Наиболее полное и развернутое суждение на этот счет принадлежит Р. Дж. Коллингвуду [1980, с. 20], который утверждает, что из четырех постулируемых им основных признаков истории — история научна, поскольку начинается с постановки вопроса, она гуманистична, поскольку задает вопросы о сделанном людьми, она рациональна, поскольку обосновывает даваемые ею ответы, обращаясь к источнику, и, наконец, она служит самопознанию человека [ср. Finley. 1965, с. 281-284; von Fritz. 1967, с. 2-3; Лосев. 1977, с. 3 и сл., и др.] — в древневосточном историописании нет ни одного, следовательно, оно должно быть признано лишь квазиисторией. Но так ли это?
Совершенно очевидно, что отвечать на такой вопрос могут и должны востоковеды. И действительно, начиная с 1916 г., когда Э. Олмстед опубликовал свое исследование «Ассирийская историография», число работ, посвященных восточному историческому описанию или историческому интересу, древневосточной историографии, идеи истории, исторической мысли и т. д., быстро увеличивалось и продолжает расти. В них ведутся горячие споры о наличии или отсутствии на древнем Ближнем Востоке описания истории, исторической мысли, о сущности и особенностях древневосточного восприятия истории. Так, Л. Балл [Bull. 1966, с. 3 и ел.] категорически утверждает, что нет ни одного текста, который засвидетельствовал бы присутствие у древних египтян идеи истории; напротив, М. Вернер [Verner. 1975, с. 44 и cл.] признает наличие в древнем Египте активного интереса к своему прошлому; по мнению Я. Печирковой [Peиirkova. 1975, с. 13], «Месопотамская цивилизация не создала условий для научной мысли. Рациональное объяснение истории едва ли удовлетворило бы жителя Месопотамии, который объяснял действительность субъективно и эмоционально», однако У. У. Хэлло [Hallo. 1984, с. 20] считает лучшие образцы шумерской литературы историографией и т. д.
Примеры столь различных, нередко взаимоисключающих интерпретаций и оценок легко умножить, но важнее, пожалуй, отметить, что одной из причин такого положения выступает преобладающая в современном востоковедении ориентация на изучение отдельных, локальных исторических описаний - древнеегипетского, шумеро-вавилонского, ассирийского, хеттского, ветхозаветного и других, что затрудняет выявление сущности и специфики древневосточного восприятия истории. Другая причина — в тяготении исследователей к формальному анализу исторических текстов, к возможно более детальной их классификации и определению жанровых особенностей, выявлению стилистической и языковой специфики, учету версий и т. д. Отнюдь не умаляя необходимости и полезности подобных трудов, нельзя не видеть, что в них почти не остается места для концептуального анализа текста.
Возможно, что именно эти тенденции в современном востоковедении и пробудили стремление определить, лаконично сформулировать сущность и специфику восприятия истории на древнем Ближнем Востоке.
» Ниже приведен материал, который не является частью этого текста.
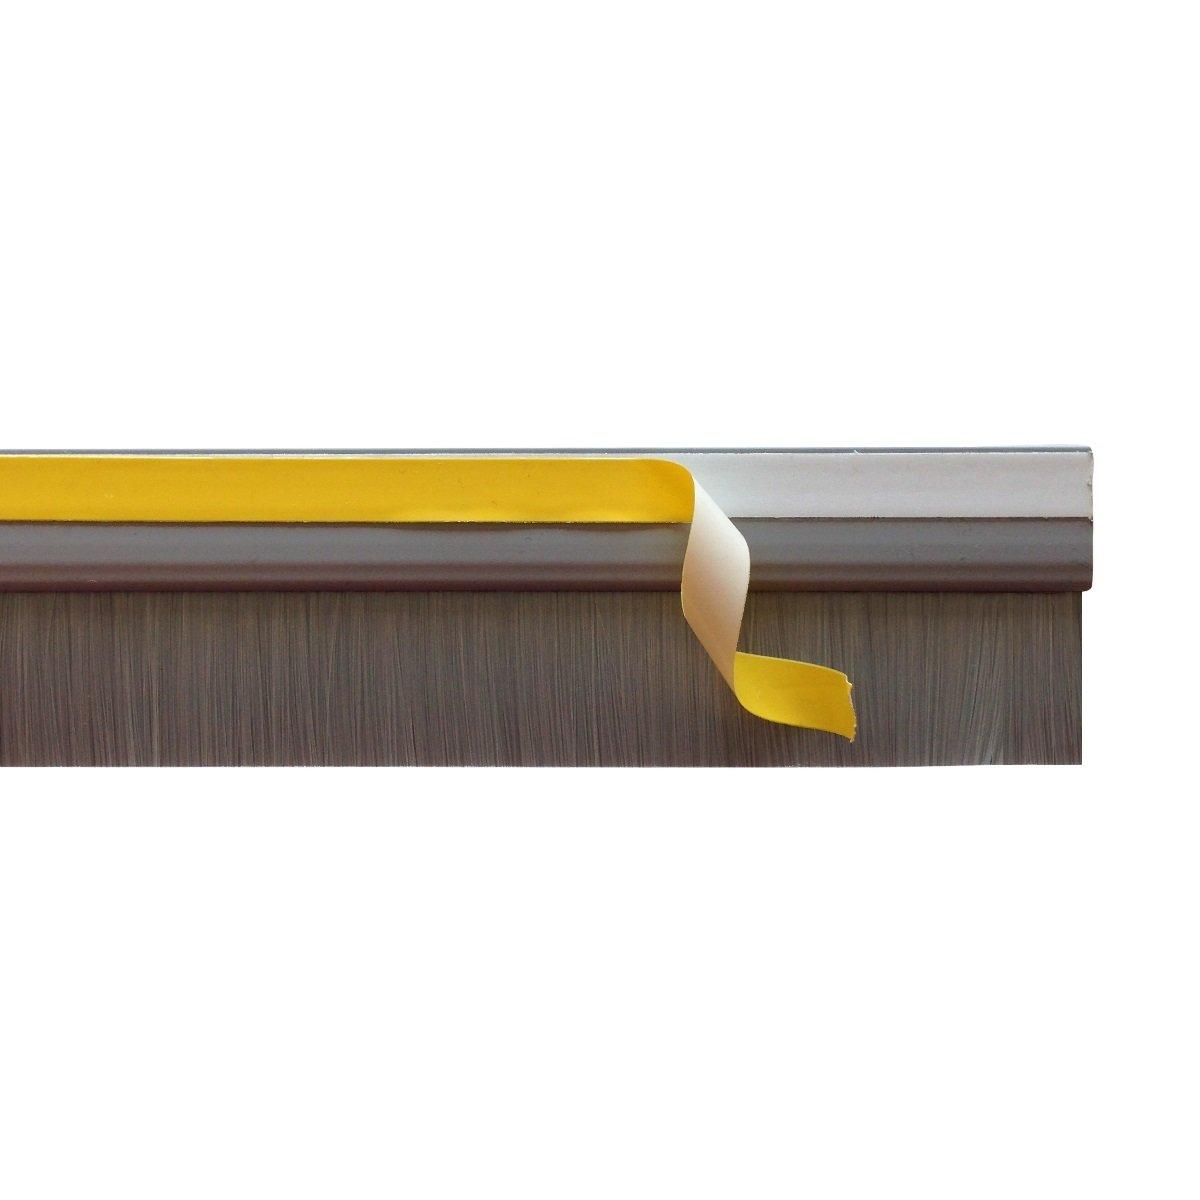 860mm Marron Bas de porte en auto-adh/ésive avec brosse de la couleur correspondant au fixation

Когда X. Цанцик [Cancik. 1976, с. 8-9] заявляет, что важнейшей особенностью хеттского и ветхозаветного историописания является действие (Handlung), он, несомненно, прав (см. гл. III, 4), но этой одной, хотя и важной, особенностью сущность и специфика хеттского и ветхозаветного историописания не исчерпываются, так же как не исчерпываются они утверждением Э. Э. Шпайзера [Speiser. 1967, с. 270-274] о том, что для человека древнего Двуречья «история была чем-то включенным в более сущностные явления жизни и судьбы».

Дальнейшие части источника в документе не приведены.